Metal Recycling in Alberta

Although they aren't biodegradable, metals represent one of the greatest opportunities for recycling. That's because they can undergo recycling processes repeatedly without being altered in properties or quality. Here's how Alberta is doing recycling metals so far.

According to Statistics Canada, Alberta recycled 20,685 tons of ferrous metals in 2008. By 2010, Albertans had increased that number to 23,014 tons. In both years, Alberta ranked fourth among all of Canada's provinces in this category, after Quebec, Ontario, and British Columbia.

Statistics Canada also reports that Alberta recycled 6,814 tons of copper and aluminum in 2008, the third-highest amount by province.
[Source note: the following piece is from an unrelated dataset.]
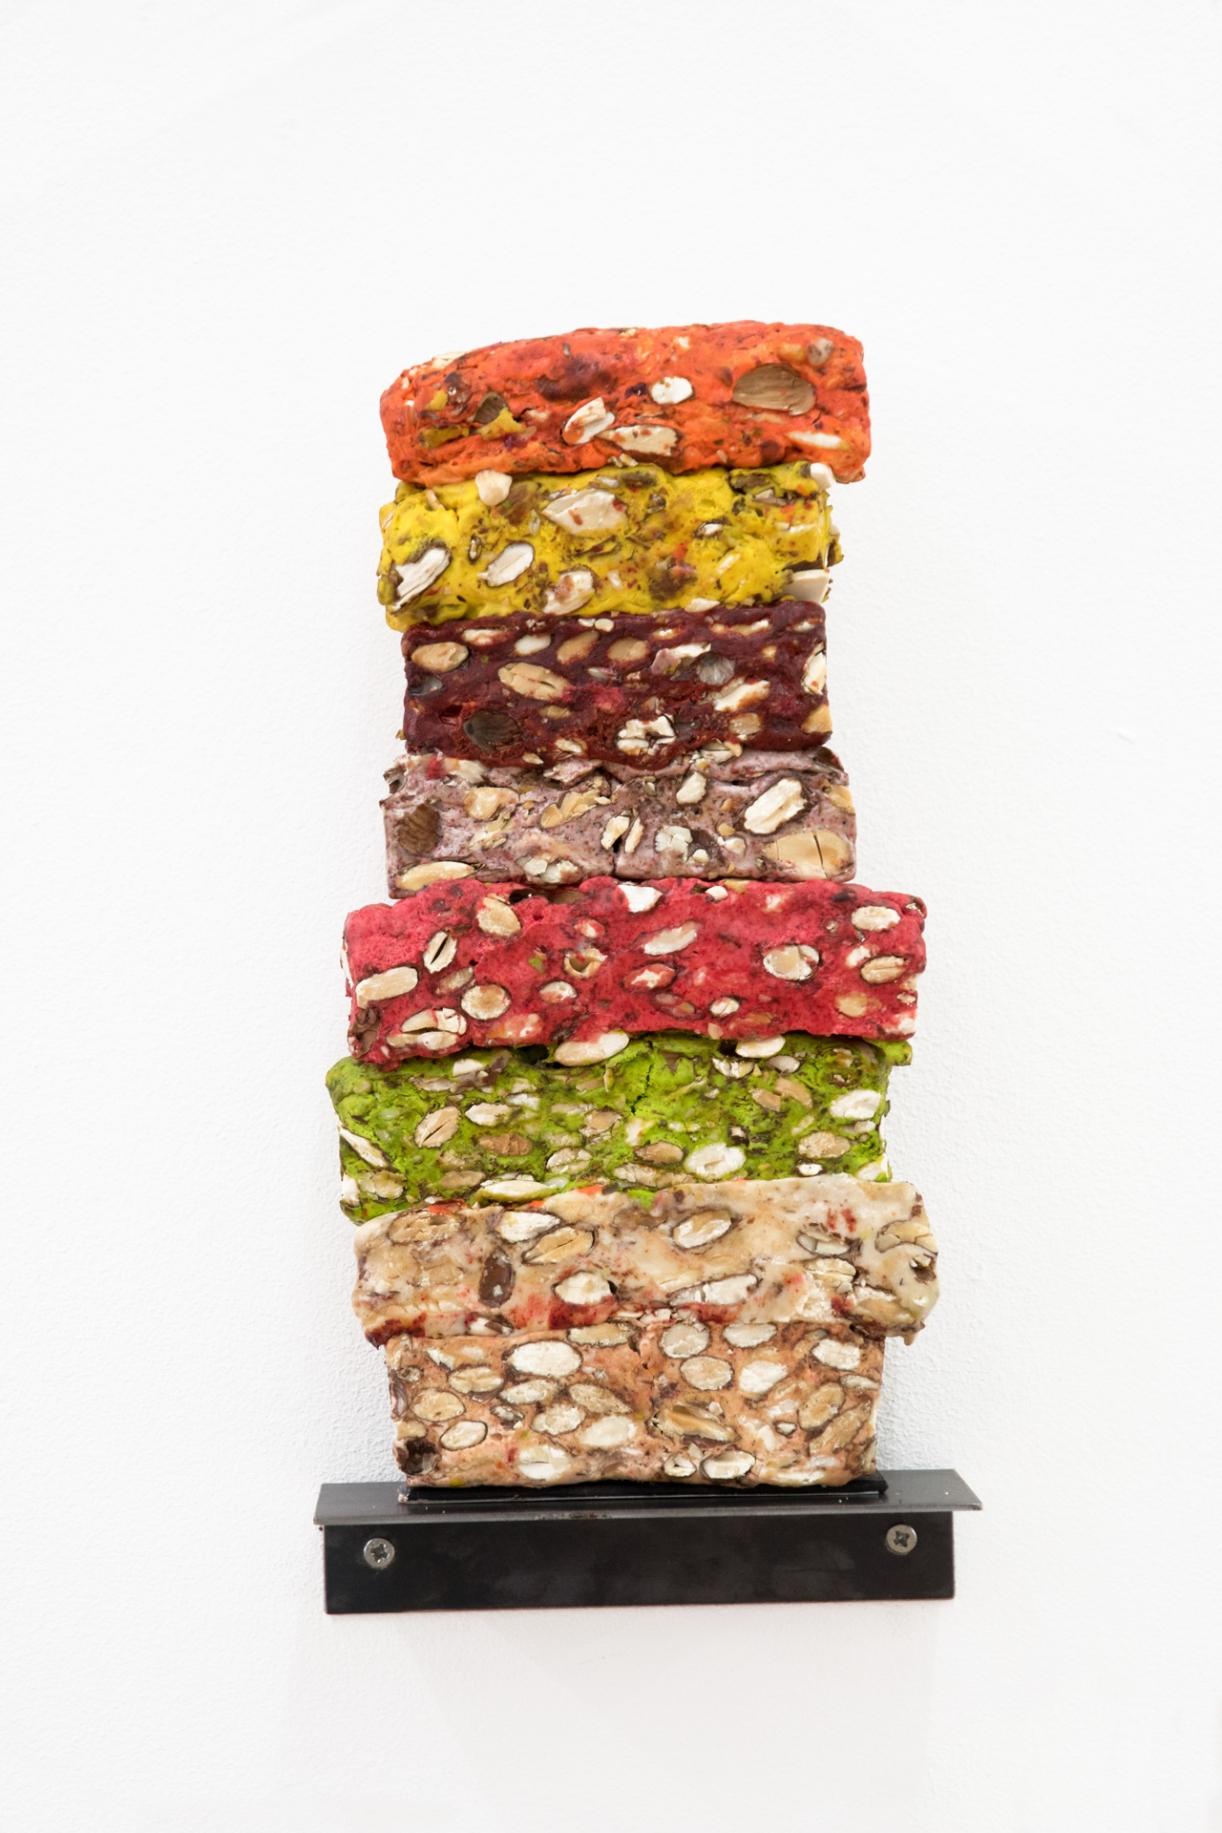 Untitled (Nougat Cross Section Flavor Sampler, fig.3), 2016, Moroccan sweets, vanished, 28.9 x 15 x 4.4 cm
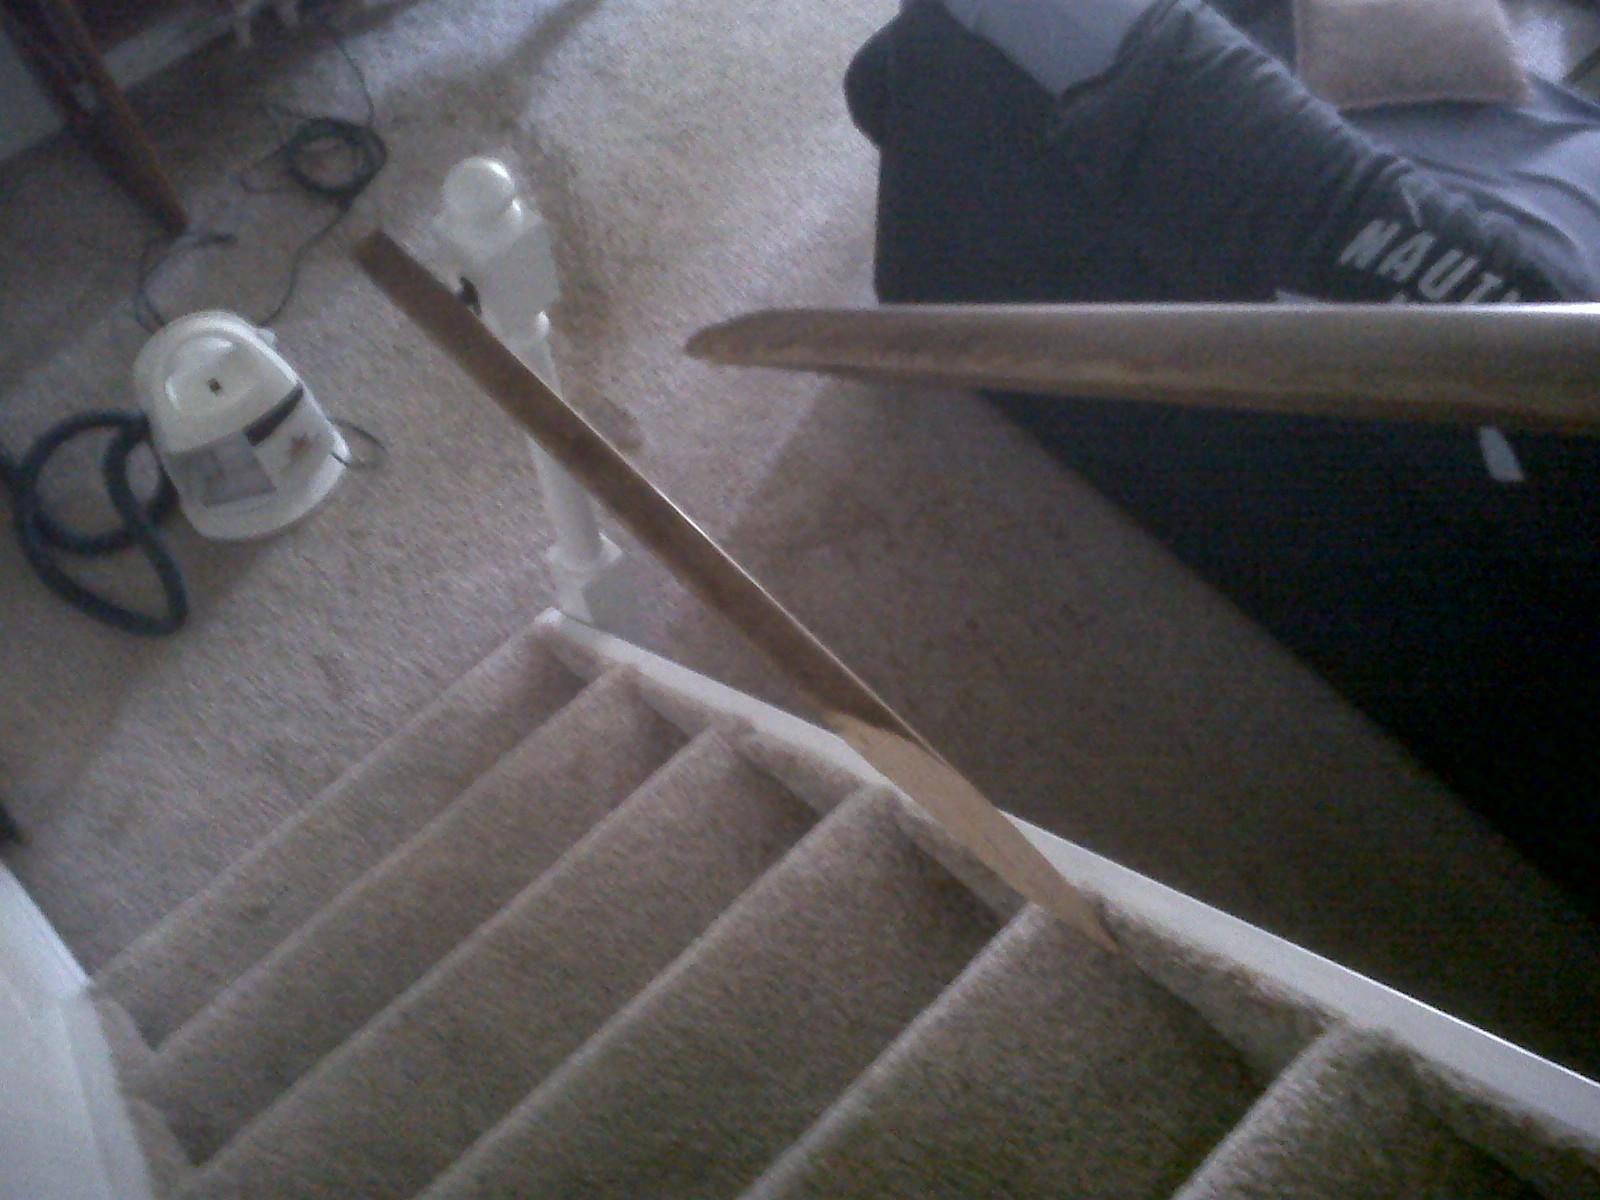 http://1.bp.blogspot.com/_S1LozED3Aek/S83IGqbbPsI/AAAAAAAAADE/hsZ0zOzOths/s1600/stairs.jpg

Alberta's mixed metals recycling numbers rank is even higher: 20,266 tons in 2008, behind only Ontario's 22,364 tons. (The figures for 2010 are not available due to privacy restrictions from the Statistics Act.)

Those numbers show that Alberta already has facilities for recycling all types of metal, but we could certainly keep more metal waste out of landfills.

Electronics Recycling in Alberta

You might have purchased this year's must-have new cell phone or laptop on sale, but have you considered the environmental impact of buying new electronic gadgets every two to three years? All that upgrading results in large amounts of electronic waste, and too much of it ends up in landfills. Luckily, most electronics are eligible for recycling.

In 2004, Alberta led the charge for electronics recycling in Canada and became the first province to offer the service. Since then, many privatized recycling companies have started accepting electronics for recycling, as well, to keep them out of landfills.

Alberta was one of Canada's leading provinces for electronics recycling in 2008, with 5,429 tons recycled. Those numbers increased to 7,707 tons in 2010, keeping Alberta the second-highest recycler of electronics among participating provinces.

What do those numbers mean in terms of electronic waste? Check out these figures from Alberta Recycling Management Authority:

  • 1.9 million computers
  • 1.2 million printers
  • 3.2 million television sets

We hope knowing the numbers behind recycling motivates you to watch what you use and how you dispose of it. Do your part to reduce Alberta's reliance on unmined natural resources and our impact on the environment by recycling whatever you can.